## Modelling – examining correlations: first, look at predictor distributions

This post follows on from the previous post, concerning the examination of variable distributions.

It is always useful to plot the distribution of variables like item attributes e.g. item length in letters. One important benefit of doing so is identifying whether your dataset is in the shape you expect it to be in: identifying errors, of input or coding, should happen early in analysis so I urge you to plot and examine the plots of your data as soon as you get started.

However, psycholinguistics papers typically report stimulus characteristics in the form of a tabled summary of the means and SDs of the attributes of your stimuli, possibly broken down by item type (e.g. words vs. nonwords).
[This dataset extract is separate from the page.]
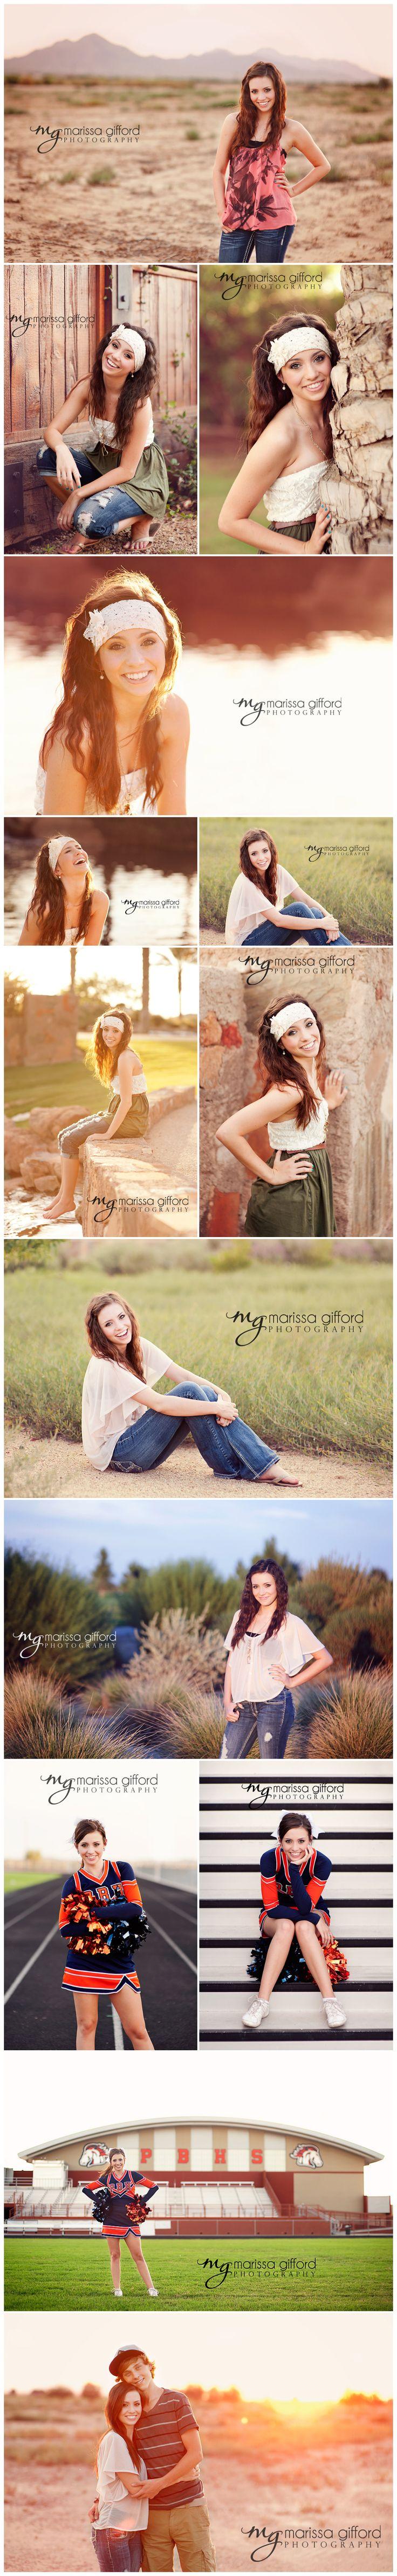 Senior Girl Photography - Marissa Gifford Photography

In addition, reports of stimuli typically include the results of comparisons of the mean values of item attributes for each stimulus item type.

We can get the summary statistics for our item attribute variables using the handy psych package function describeBy(). In making that function call, we specify that we want the item norms data statistics split by item type. The R output can be converted into a table in a number of different ways. The easiest elegant method would be to writing your report in knitr all inside R-studio. The easiest horrible method, for someone writing a report in Microsoft Word, would be to paste the R output in a .txt document, open that document in excel, sort the formatting of the table out in excel, paste that table into Word as a bitmap. I use the horrible method all the time, because I haven’t yet learnt how to knit in R, though I will, because the horrible method is horrible.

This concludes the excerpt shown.